Monday, July 2, 2007

Neat and Tidy

So how else could a novel about a national crisis and political infighting end but all wrapped up neat and tidy with no uncomfortable loose ends or painful tragedies. No one dies, no one looses everything or has to make a painful decision that will shatter their lives for ever. Everyone lives happily ever after. People make their decisions, change their lives around for the positive, and ride off into the sunset happy and fulfilled.

Maybe I am just jaded. Maybe I am used to being left guessing, left wonding if the lives of the characters I have just shared so much with will reach a positive end. But I am still left guessing. I am used to things falling apart, the end being left open to a sundry of different possibilities, both positive and negative.

"Boomsday" was a hysterical and sometimes scathing commentary on our current political system and all of its many skitzo personalities. But it did not leave me guessing what was going to happen next, or how these things would be resolved. Because all of the problems got wrapped up in a nice tidy package and mailed off to me in the final ten pages of the book, so now I have no reason to worry about the moral or philisophical implications of the last 300 pages. Mr. Buckley did that for me.
Ok, maybe I am asking too much. This wasn't exactly "Gravity's Rainbow", but I guess I was hoping for a little bit more.... well... turmoil.

Sunday, July 1, 2007

Change the world

Go on Gen X'ers, its time to wake up and start changing the world. Apparently we have a number of crisese on our hands and no one seem to be willing to step in and do anything about them but us. We've got wars, global warming, the collapse of Social Security, natural disasters, the list just keeps going and going. And apparently we are the only generation with enough smarts and gumption to make any sort of a difference in this quickly disentigrating world of ours. Apparently, we have to think of a solution so outrageous, so shocking that it will finally get the world talking and eventually, somewhere down the line, maybe, solve the problem.

Or maybe we are being just a bit too idealistic. Maybe we are expecting too much of ourselves and not giving the older and younger generations enough credit. Maybe there are still some lessons for us to learn before we can really say we tried our damnedest to save the world.
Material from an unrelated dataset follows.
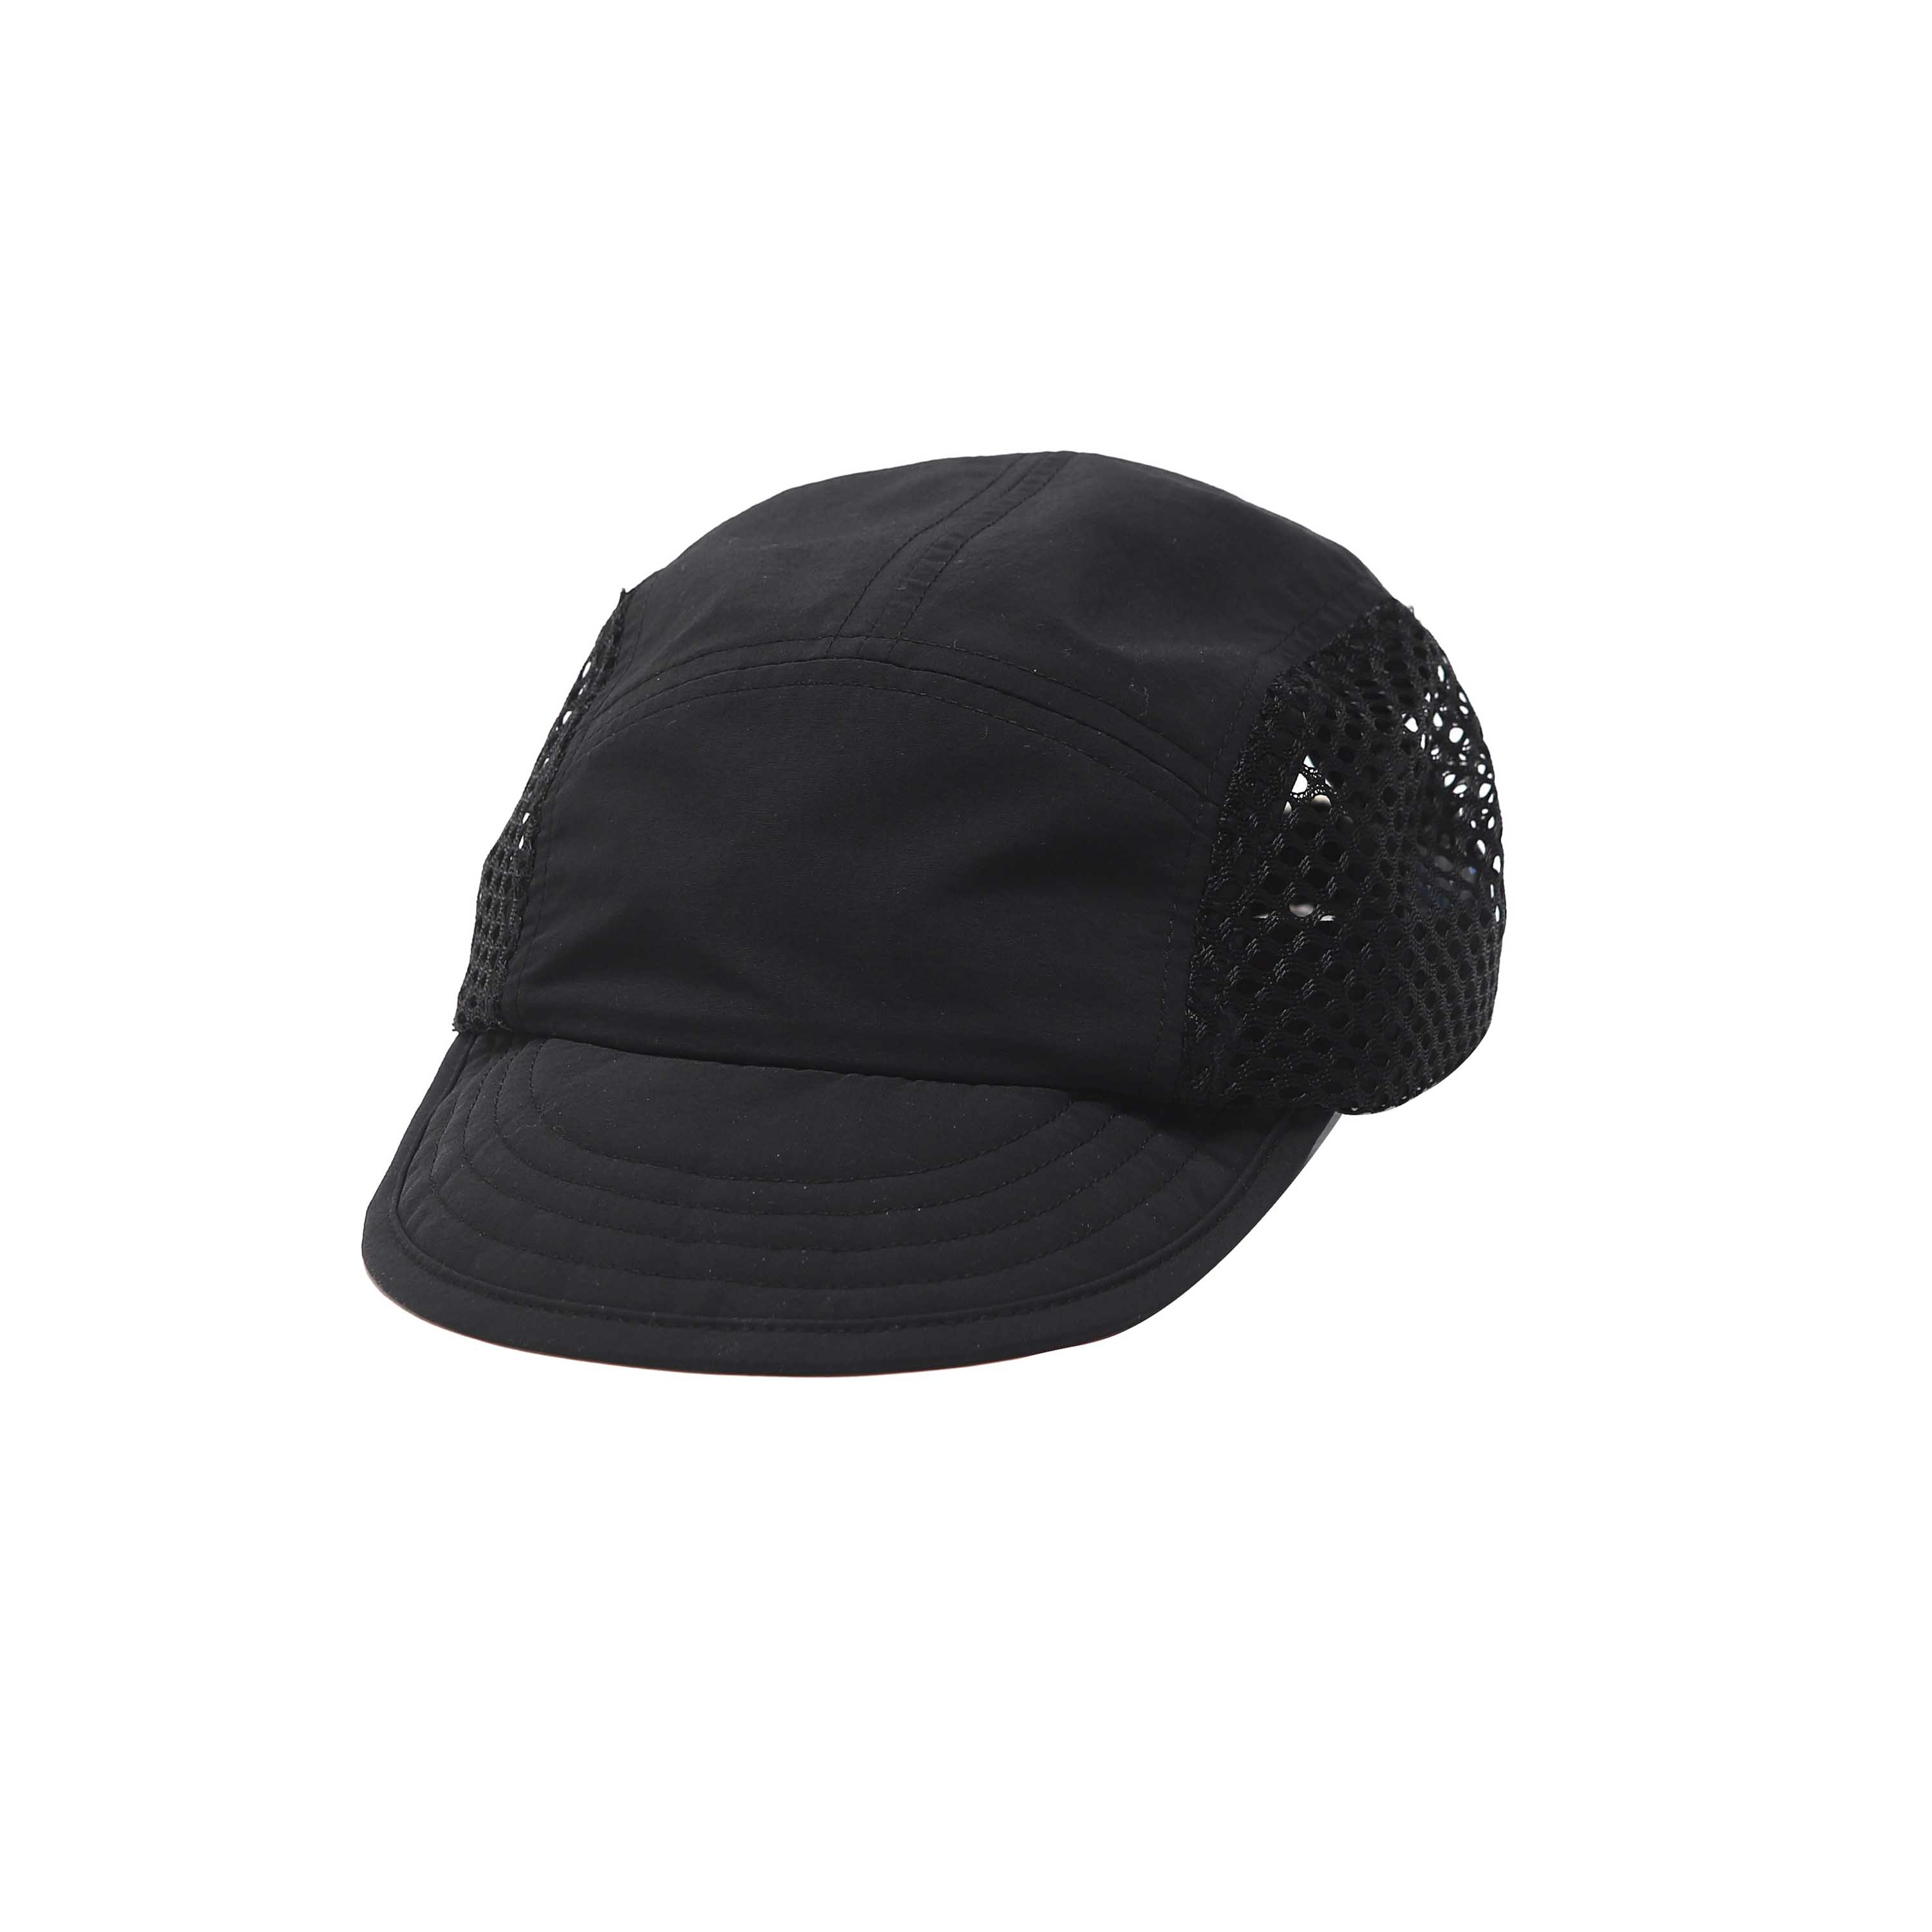 MESH CAP - BLACK

Eventually, after the Baby Boomers go gentle into that good night and we take their place at the top of the retirement food chain, we will wonder "what the hell were we thinking?" As a nation, we are faced with a number of very real, very overwhelming crisese; there is no debating that. What is up for debate, but sadly is not being debated to seriously at the moment, is what we are going to do about them. Our current novel, "Boomsday" offers an interesting "meta"-idea for solving the Social Security crisis, which manages to get stuck in the muck and mire of US political sandbagging and deal making. But the purpose of the idea stands out still: Are we going to have to go so far as to ask our retiring parents to "transition" themselves before they collect a cent of Social Security in order to save our generation from writing the check?
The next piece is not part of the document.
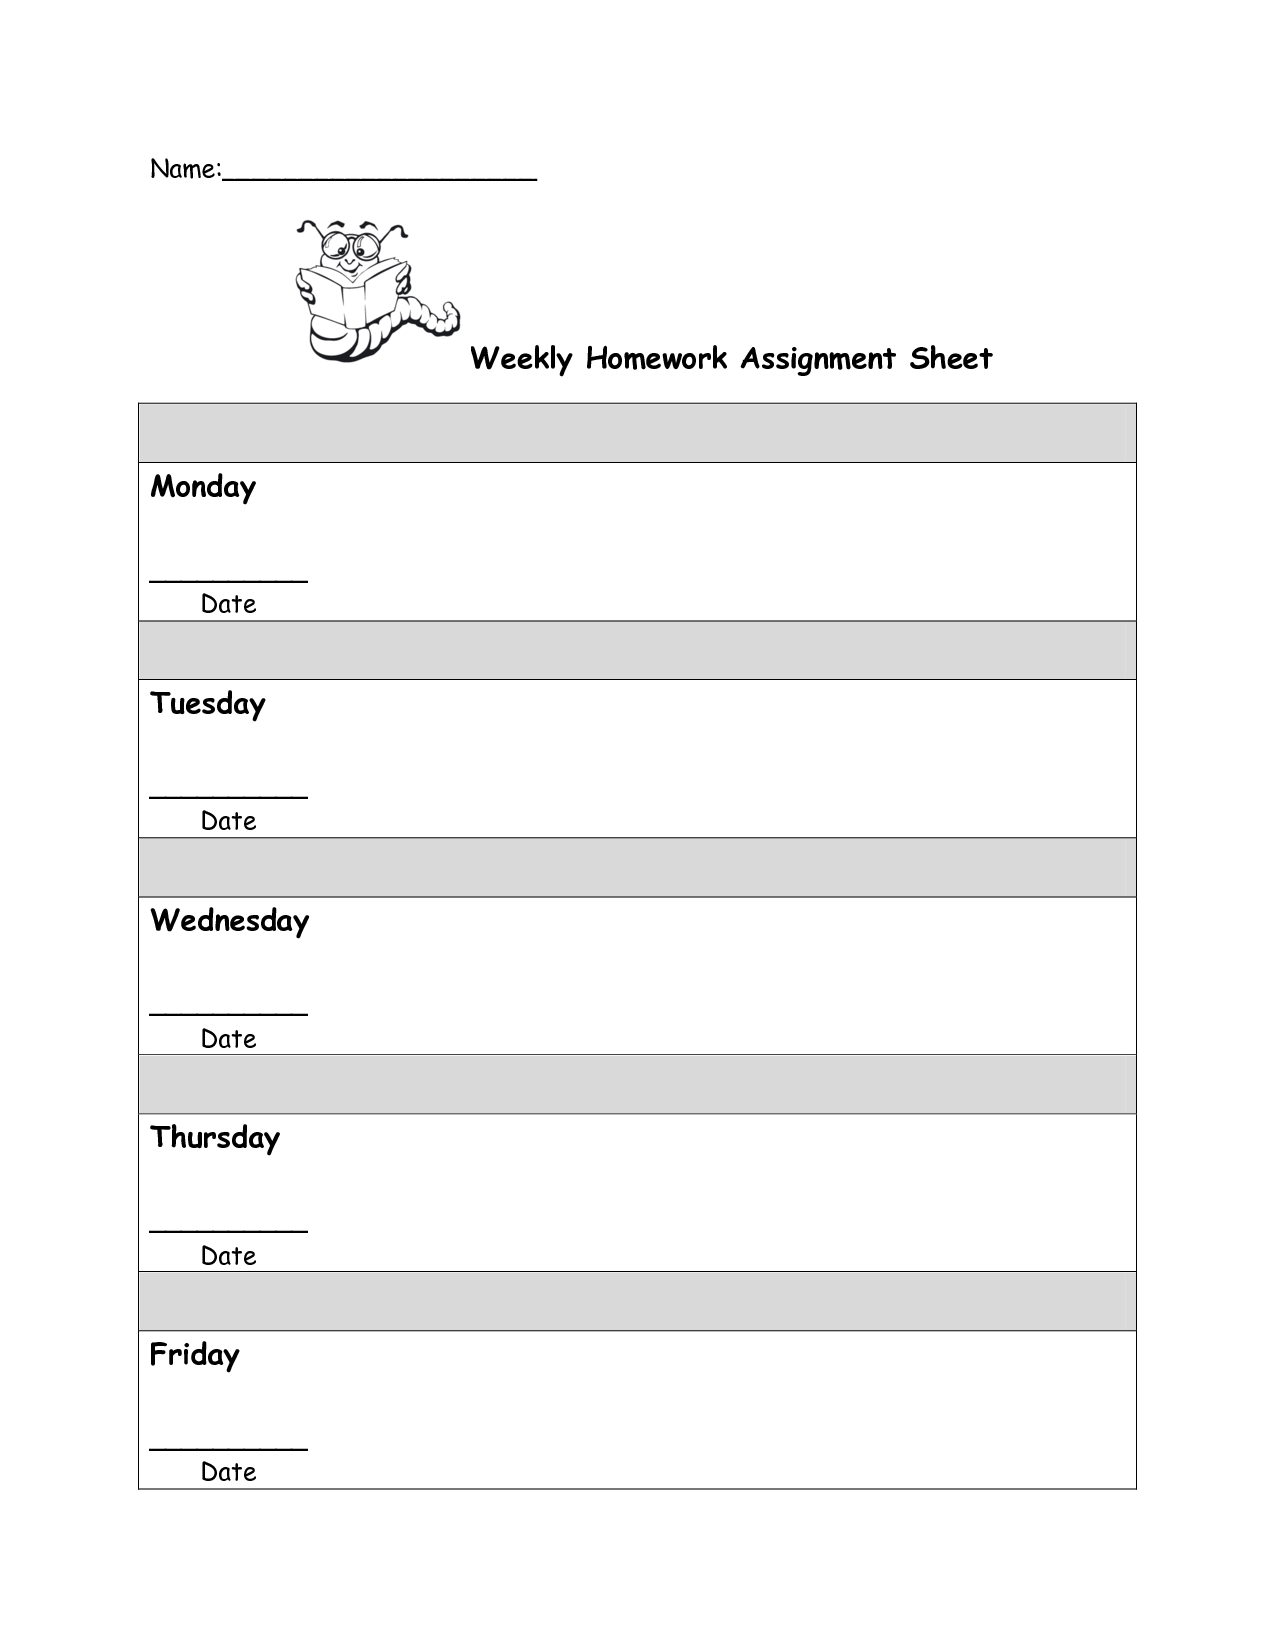 homework assignment sheet template

At the moment, no one seems to be offering up any more possibilities. (This isn't actually being offered up as a possibility, either; remember folks, it's just fiction.) Will we be able to stop Social Security from collapsing? Will we ever find a peacefull resolution in Iraq? Will we be able to slow our consumption of raw materials and fuel enough to slow global warming? Will George W. ever learn that the word "Internet" is not plural? I guess we will just have to wait and see.